▶ EXTRACTED INFORMATION
********
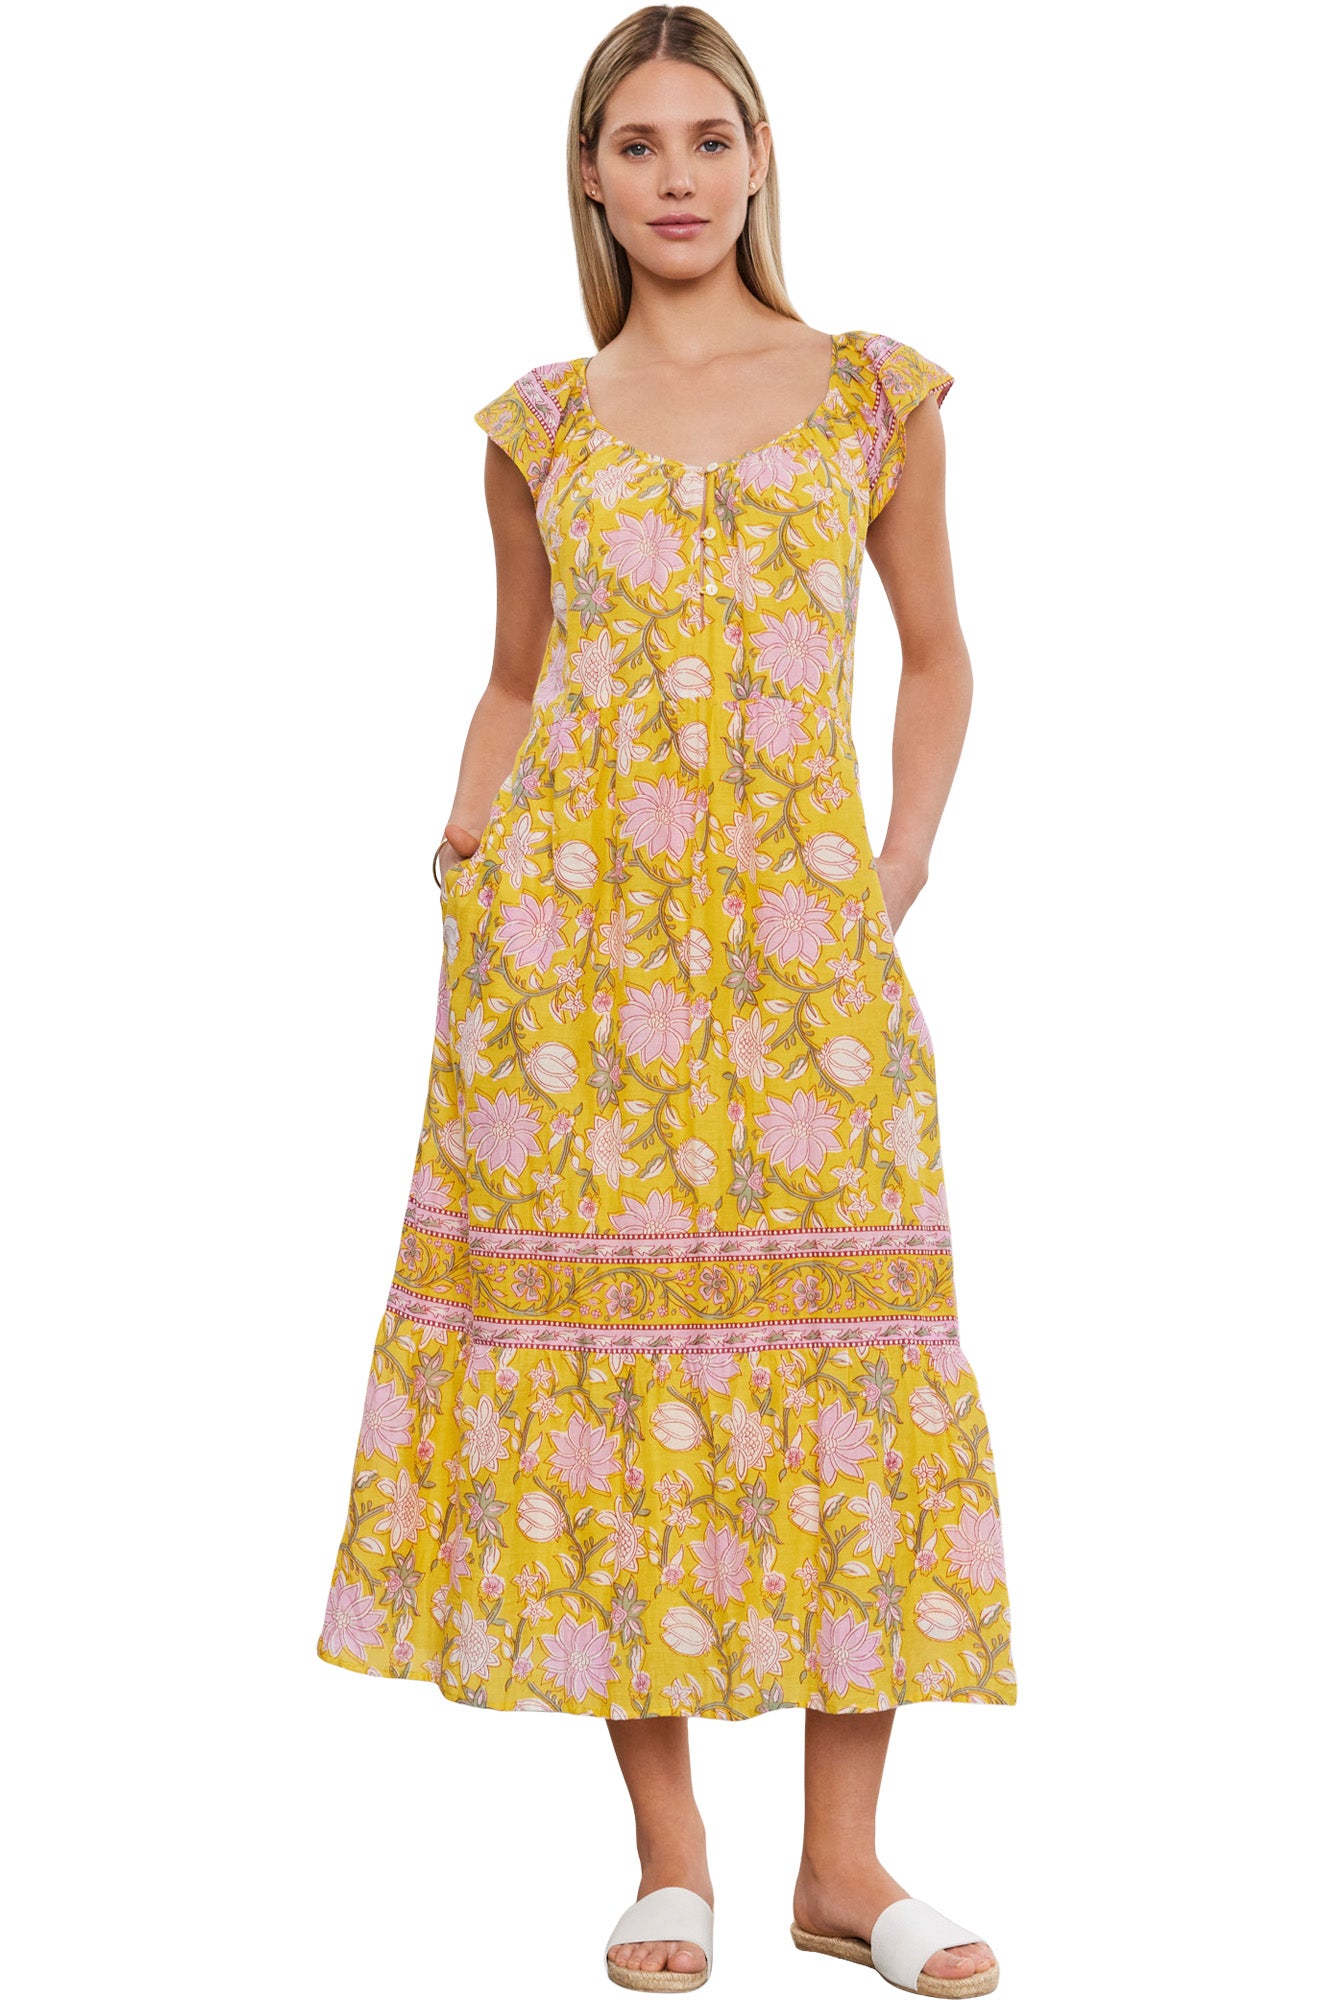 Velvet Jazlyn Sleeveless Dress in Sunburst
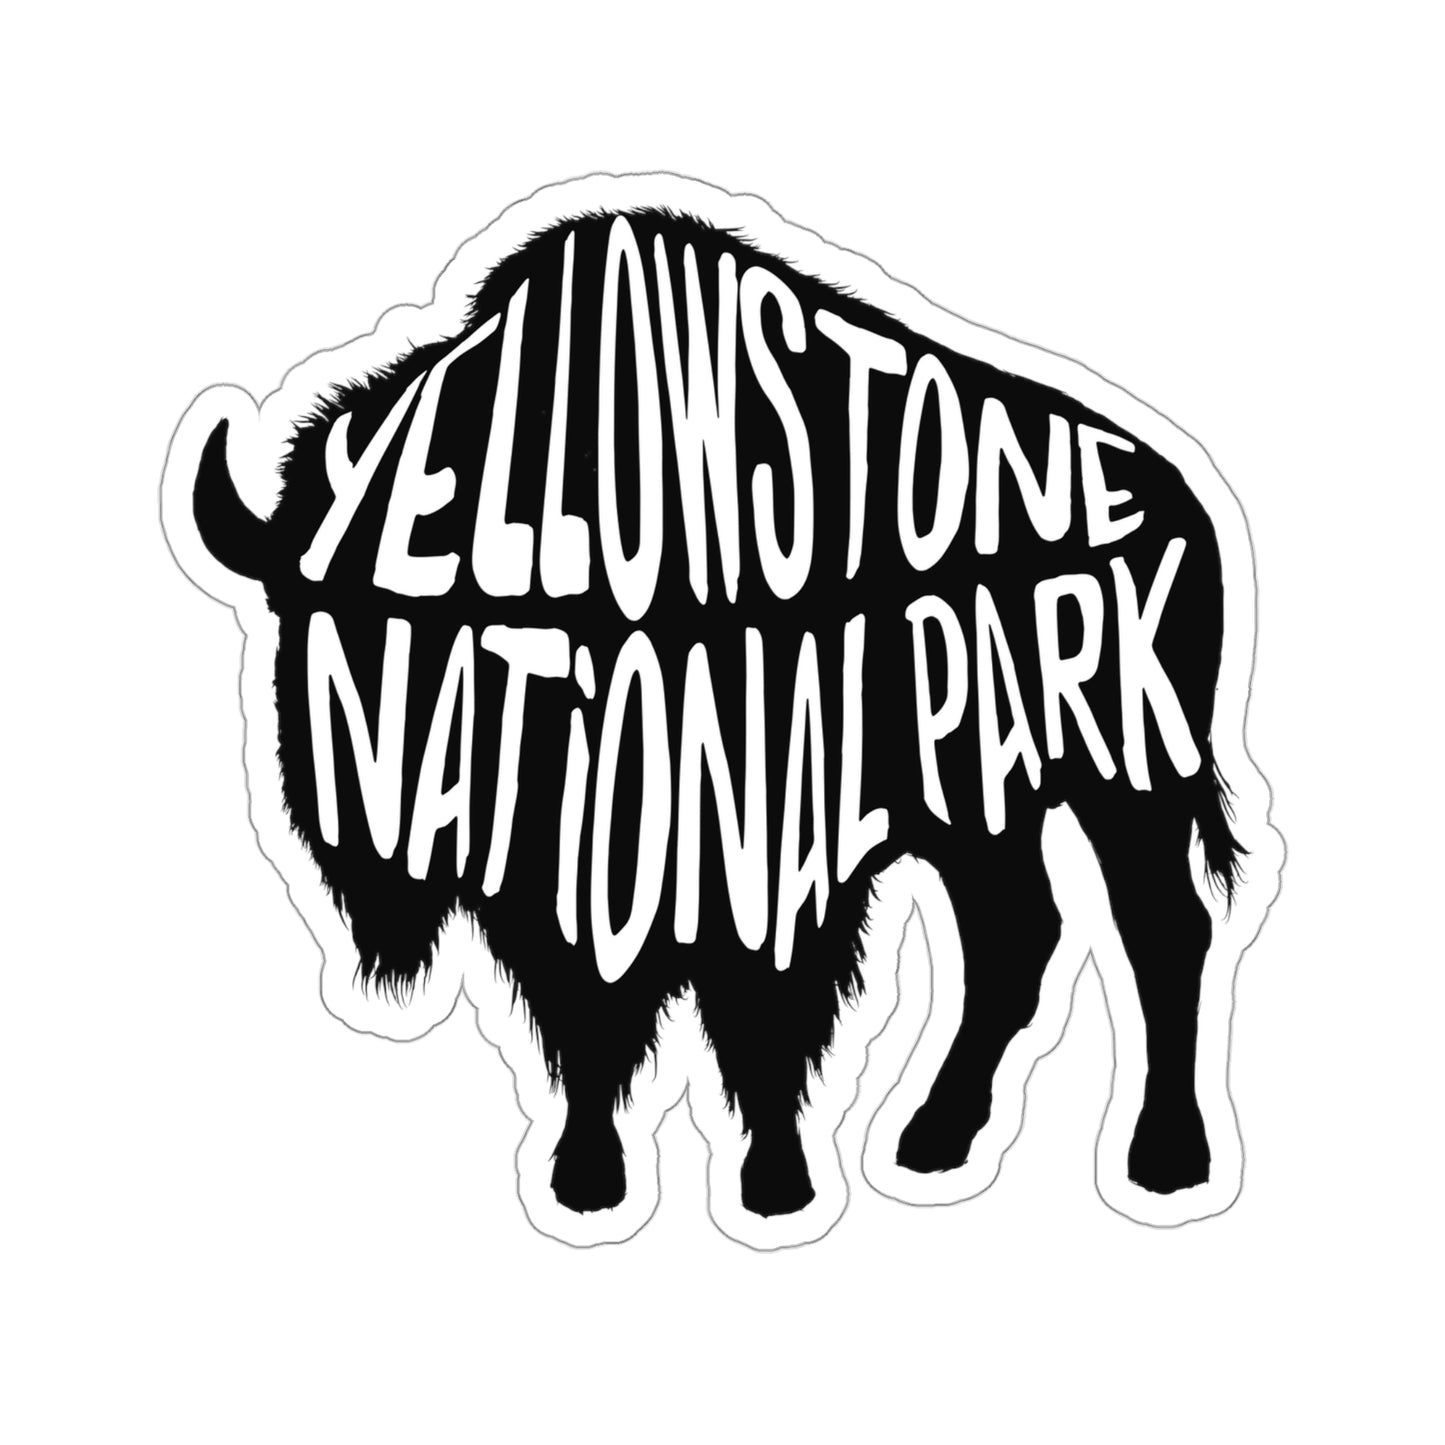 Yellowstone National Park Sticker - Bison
********
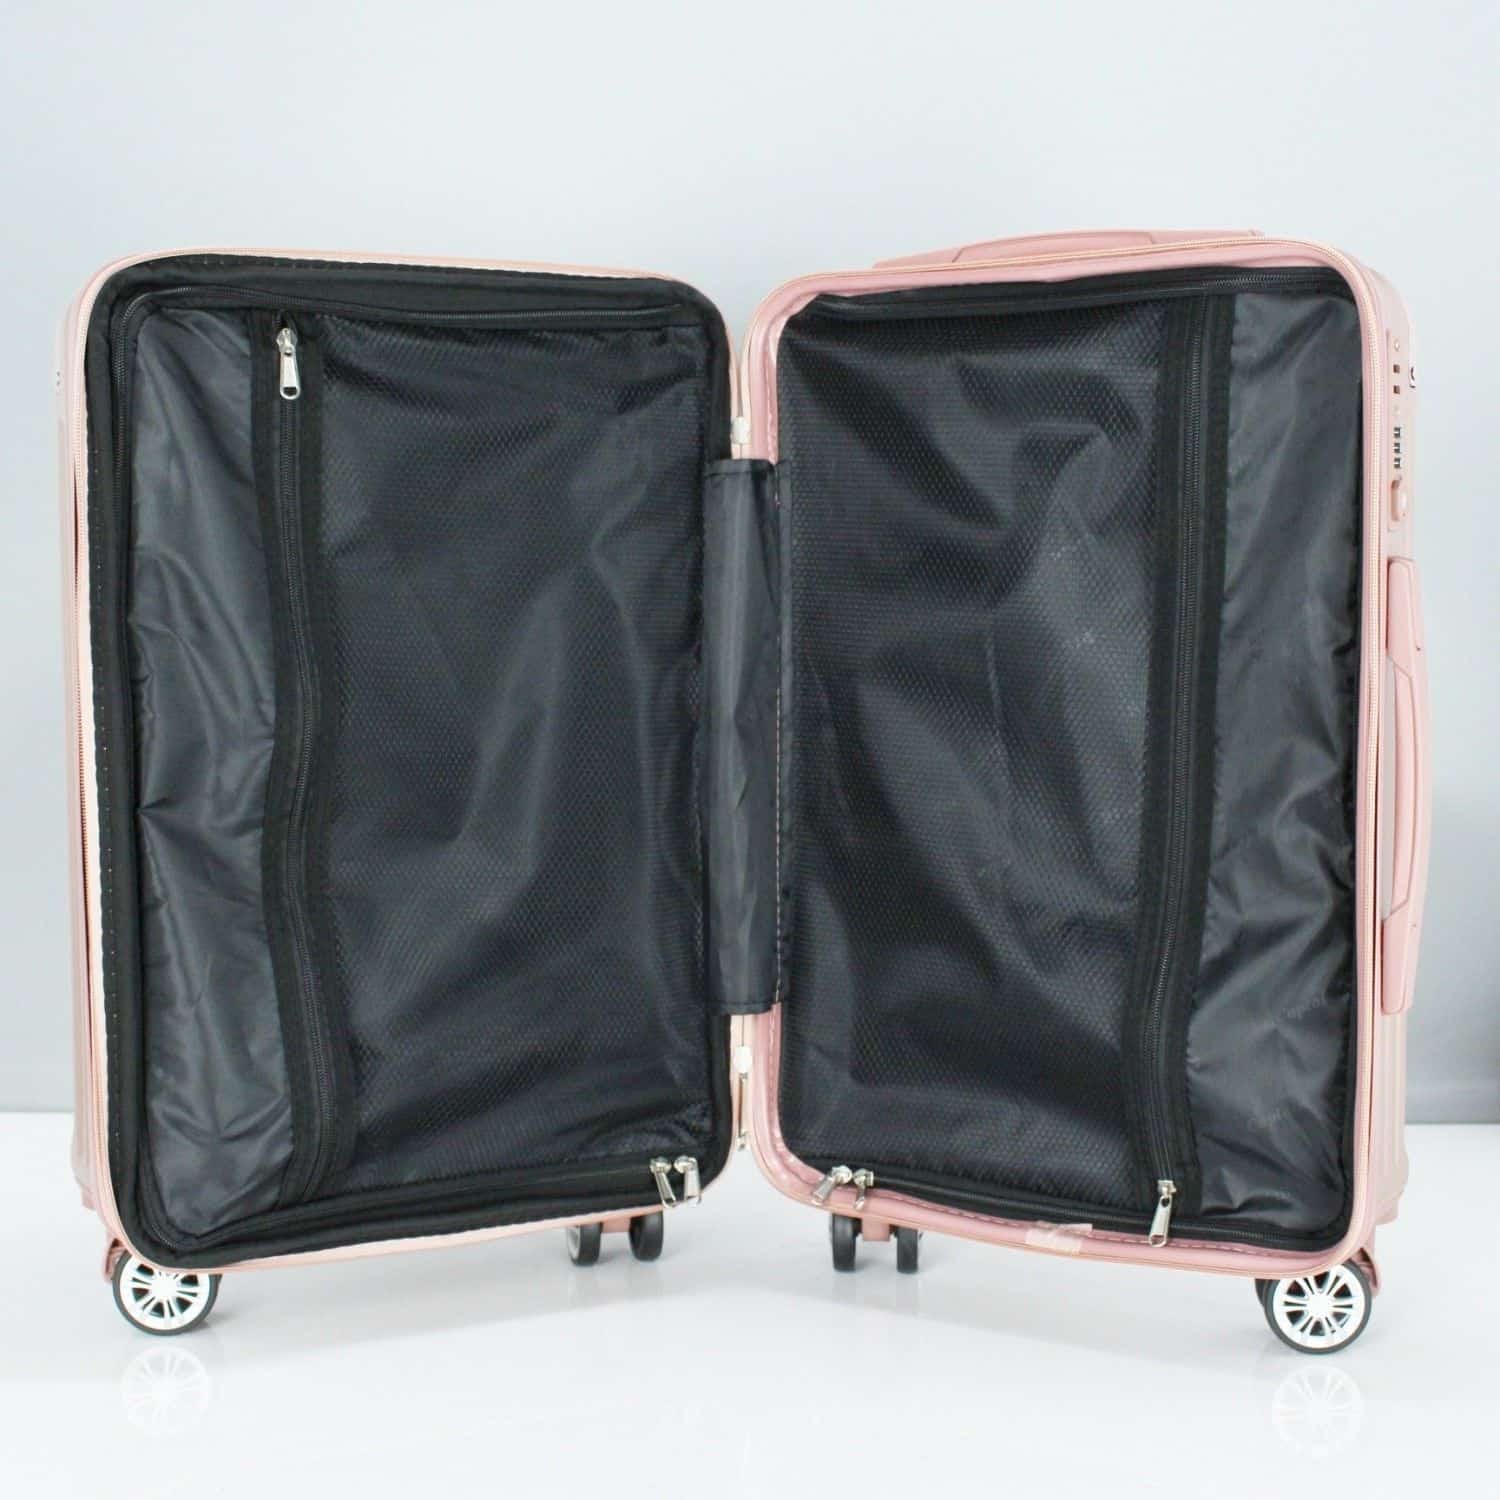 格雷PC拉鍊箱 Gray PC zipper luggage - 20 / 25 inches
********
▶ TASK STATEMENT
Using the material above, transcribe exactly the lines from the one holding "Velvet Jazlyn Sleeveless Dress in Sunburst" to the one holding "Yellowstone National Park Sticker - Bison", both ends kept. Do not carry over any pictures.

▶ EXERCISE RESULT
 Velvet Jazlyn Sleeveless Dress in Sunburst
 Yellowstone National Park Sticker - Bison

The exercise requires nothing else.